Надо уходить от погони. Он пустился было вприпрыжку дальше, поддерживая на ходу буханку, запрыгавшую за пазухой, но тут же сдал, сердце его, которое ещё пять минут назад совсем не ощущалось, сорвалось с места, забилось, несчастное, неровно, загнанно, забулькало в нём что-то обречённо, надорванно, вызвало боль. Ноги погрузнели, сделались неуклюжими, мышцы одрябли — из них вытекла сила. Каретников понял: не уйти, не скрыться — всё равно его догонят, отымут хлеб, убьют.
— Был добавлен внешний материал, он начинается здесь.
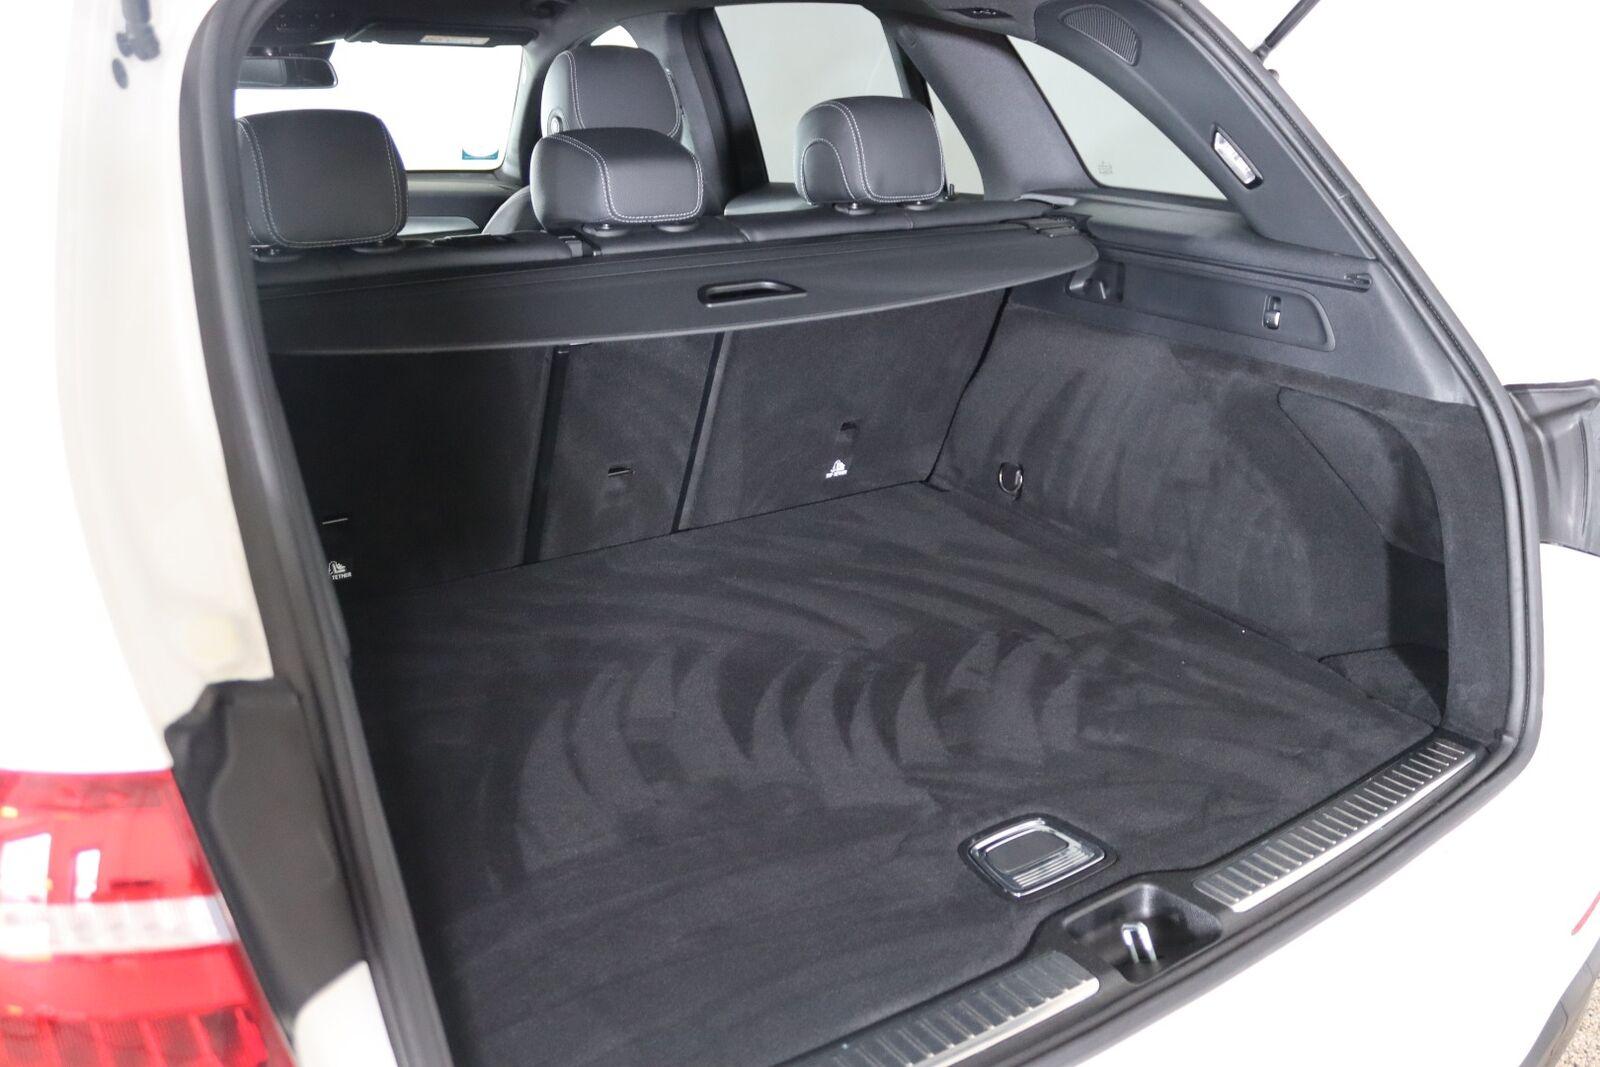 Mercedes GLC350 d 3,0 AMG Line aut. 4Matic - billede 7

Сделалось до слёз обидно — на фронте вон сколько металла принял в себя — и цел остался, горел, мёрз, пулям кланялся, от чужого штыка увёртывался — и живой остался! А тут в тылу, в тиши, где нет прямой опасности, его пришьют, словно какого-нибудь беззащитного зайца. Пришьют, и всё…
Он неверяще боднул головою воздух. Показалось, что в беспроглядной страшной мути мелькнул золотистый лучик, нечто похожее на спасение, но в следующий миг понял, что это обман: никто его не спасет. Воинские патрули в такую глушь не заглядывают — тут им нечего делать, голодный обыватель на улицу ночью носа не кажет, боится, а честный храбрый человек может вопля о помощи не услышать. Остаётся одно — защищаться, надеясь только на собственные кулаки. Ох как прав, тысячу раз прав был дядя Шура Парфёнов! Повернуть бы сейчас время вспять, возвратиться на круги своя, да дохлый номер — не повернуть, не возвратиться. А потом Каретников всё равно бы пошёл к матери. Повторил бы всё сначала… Несмотря на ночь, на опасность. Он должен, сегодня же должен был быть у матери, накормить её, обогреть, насмотреться на неё вволю, наговориться.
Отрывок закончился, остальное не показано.